Talent identification in sports often begins around puberty or younger [1,2,3] and includes the forecasting of the youth athlete’s future performance development. Attempts to forecast human performance development are common in multiple fields, such as school entry tests, admission to music schools and conservatoria, admission to college or university, and job application interviews [4,5,6], although long-term prognostic validity is often poor [7,8,9,10,11,12,13,14,15]. In sports, forecasts of future performance are the basis of admission to talent promotion programs, including federations’ youth squads and selection teams, youth sport academies, and centers of excellence.
Although more complex talent identification systems have been developed in the recent years [2], most talent selection procedures have one fundamental idea in common: predicting future performance by past or current performance. Here, we investigate the extent to which earlier performance predicts later performance in sports. More specifically, we ask: to what extent does junior athletic performance predict senior athletic performance?
Although junior performance is a predictor commonly used in talent selection, a lively debate exists in the sports science and medicine literature. Proponents of using junior performance to predict senior performance assume a high level of performance in youth is a prerequisite for the development of a high level of performance in adulthood. This view follows from theories of giftedness and expertise (e.g., [4, 16,17,18]) and is in line with claims made by numerous applied researchers and practitioners (e.g., [19,20,21,22,23,24,25,26]). It also corresponds with sport policies and practices in terms of establishment of continental and world championships, festivals, and circuits for competitors as young as 11–15 years old [27].
Sceptics of this practice point to several empirical observations. First, predictors of junior performance and senior performance are different and in some cases opposite [28, 29]. For example, highly successful junior athletes reach performance milestones rapidly, whereas highly successful senior athletes progressed more gradually in their early years. Furthermore, early biological maturation (puberty, growth spurt) [30] facilitates junior performance, but not senior performance. Likewise, youth athletes who are born early within their age year have a performance advantage in adolescence (relative age effect, RAE, e.g., [31]), which diminishes or is even reversed by adulthood [32,33,34].

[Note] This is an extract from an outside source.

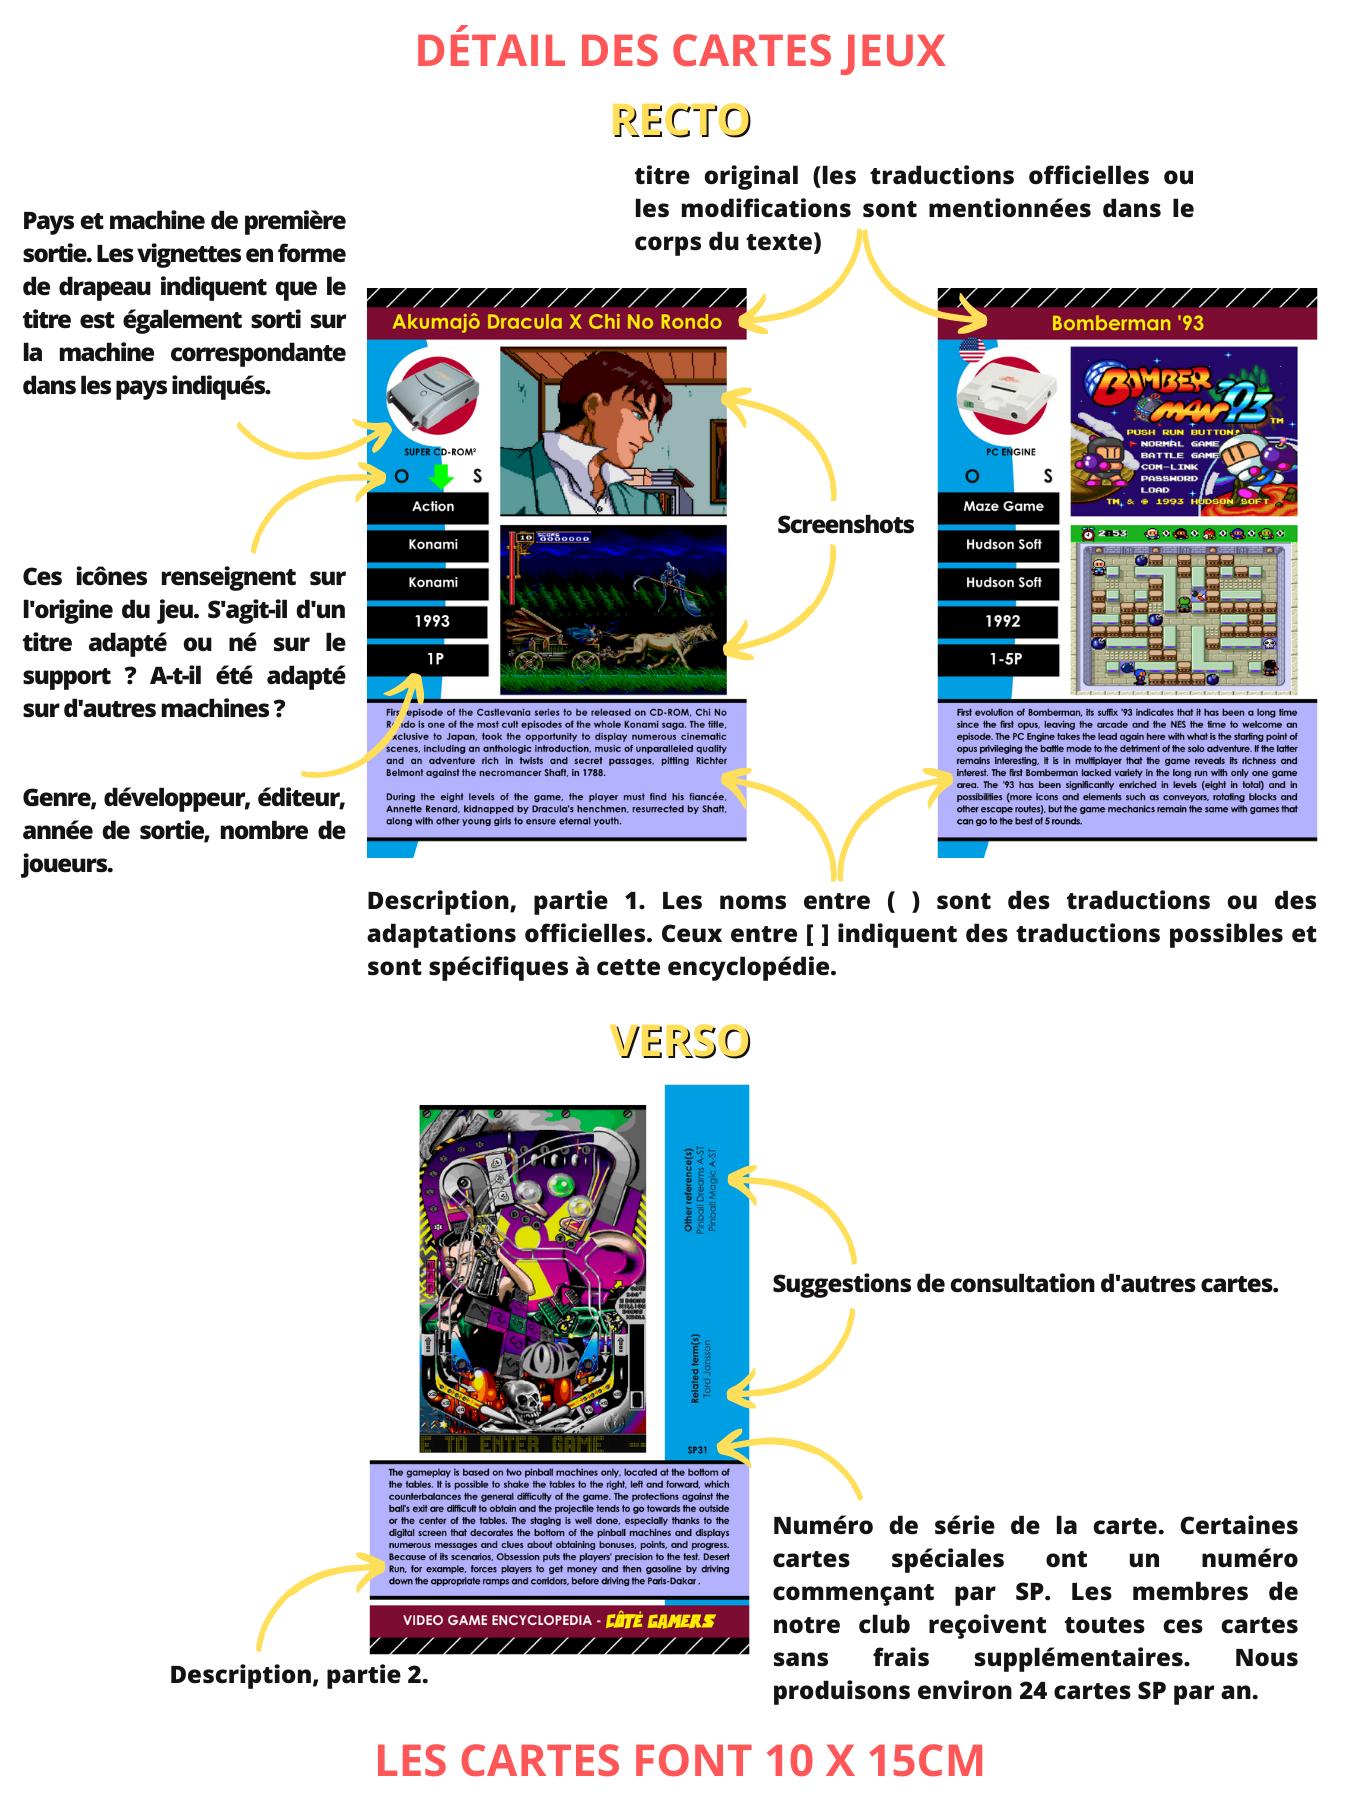 Présentation des recto et verso des cartes encyclopédique du jeu vidéo catégorie jeu

Second, multiple factors develop at different timescales and rates within individuals and between individuals (e.g., coaching, practice, skill acquisition, psychosocial development, or social support). Third, predictors of performance do not necessarily predict persistence: many youth athletes, including highly successful juniors, withdraw from competition sports before adulthood [35]. Finally, at junior-level championships, athletes compete within a single, typically 2-year age group, whereas at senior-level championships, athletes compete with peers from a wider age range, often from late teens to late 30s [27].

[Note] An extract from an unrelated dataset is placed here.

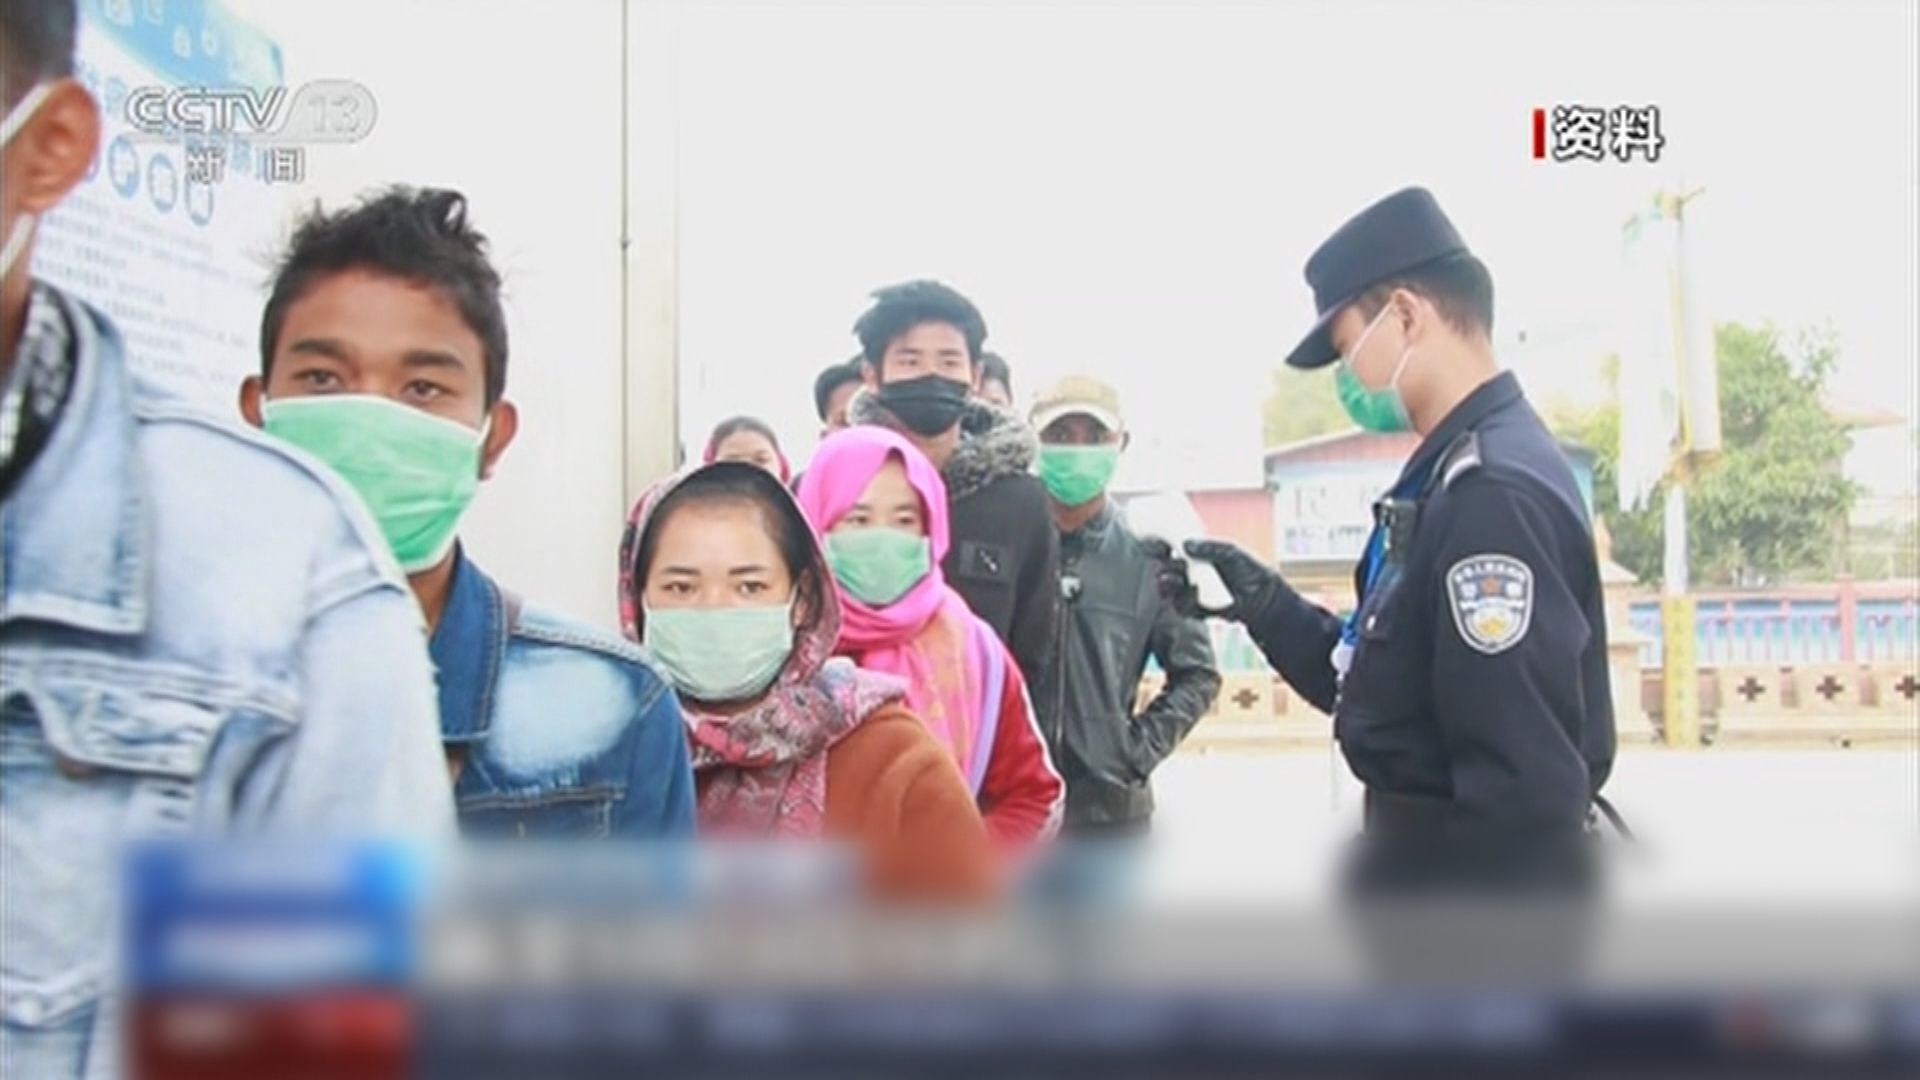 雲南省瑞麗市新增兩宗輸入病例 當地實施封城
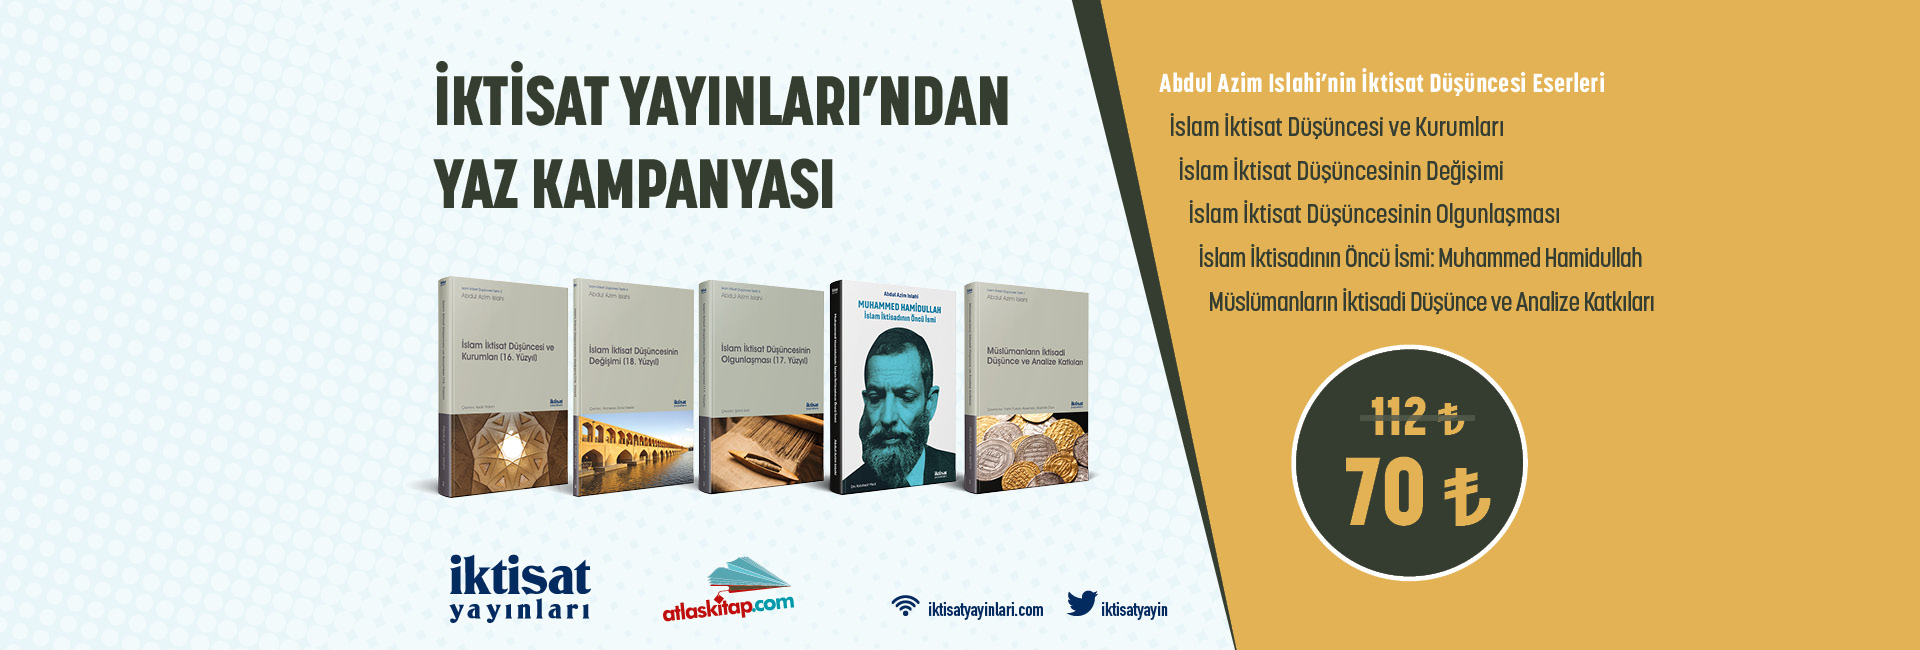 http://www.iktisatyayinlari.com/content/1-home/iiayazkampanyasi_web2.jpg

In short, the popular view that the best predictor of later performance is earlier performance notwithstanding (e.g., [4]), there is ample reason to question the validity of using junior performance to predict senior performance [28, 29]. Fortunately, there is a straightforward empirical test to resolve this controversy: The analysis of the correlation between earlier and later performance—in our case, the correlation between junior and senior performance.
If junior performance is a strong predictor of senior performance, there should be strong positive correlations between junior and senior performance. If junior performance is not a strong predictor of senior performance, there should be weak or null correlations between junior and senior performance. The former finding would support the use of junior performance for talent selection; the latter finding would indicate this practice may be misguided.
To test these two competing hypotheses, we performed a systematic review and meta-analysis examining the relationship between junior performance and senior performance. Compiling all available relevant empirical evidence, we estimated the overall magnitude of the correlation between junior performance and senior performance, and also tested whether findings vary across junior age categories and different subsamples (e.g., type of sports, sex).Footnote 1
2 Methods
The study search and selection procedures were guided by the PRISMA 2020 statement (Preferred Reporting Items for Systematic Reviews and Meta-Analyses [36], a PRISMA-P [37] protocol was registered at https://osf.io/gck4a/). We searched for original studies that recorded athletes’ junior and senior performance longitudinally and reported a measure of association between junior and senior performance or data needed to compute that association. Figure 1 shows the flowchart of the major steps of the literature search and screening, which was conducted from 27 January through 30 April 2022.
Flow diagram of the literature search and study coding
2.1 Sample
The search and selection yielded a total of k = 129 effect sizes from N = 13,392 athletes, 61.9% male and 38.1% female, reported in 21 study reports from 2006 to 2021. There were additional effect sizes because individual studies reported associations between junior and senior performance for different subsamples (e.g., male and female, different sports or disciplines) and for multiple junior age categories (see below).
Table 1 presents characteristics of the total sample. The sample included athletes from a wide range of sports of the Olympic Games. About three-quarters of the athletes (72.1%) were from international samples (athletes from multiple countries, e.g., participants at the Olympic Games, world or continental championships, or athletes listed in international rankings) and about one-quarter (27.9%) were from national samples (athletes from one country, respectively), all from Western European countries. The characteristics and corresponding measures of association between junior and senior performance of the relevant studies are provided in the electronic supplementary material (ESM) 1.
The primary studies either reported athletes’ ages as the sample mean and standard deviation or the minimum and maximum ages. Across studies, the sample-weighted mean age as a senior was 25.7 years, the sample-weighted mean minimum age as a senior was 20.2 years, and the sample-weighted mean maximum age was 36.3 years. Athlete performance data were collected from public records (official championship results or ranking lists) for 11,742 athletes and by athlete questionnaires or interviews for 1650 athletes.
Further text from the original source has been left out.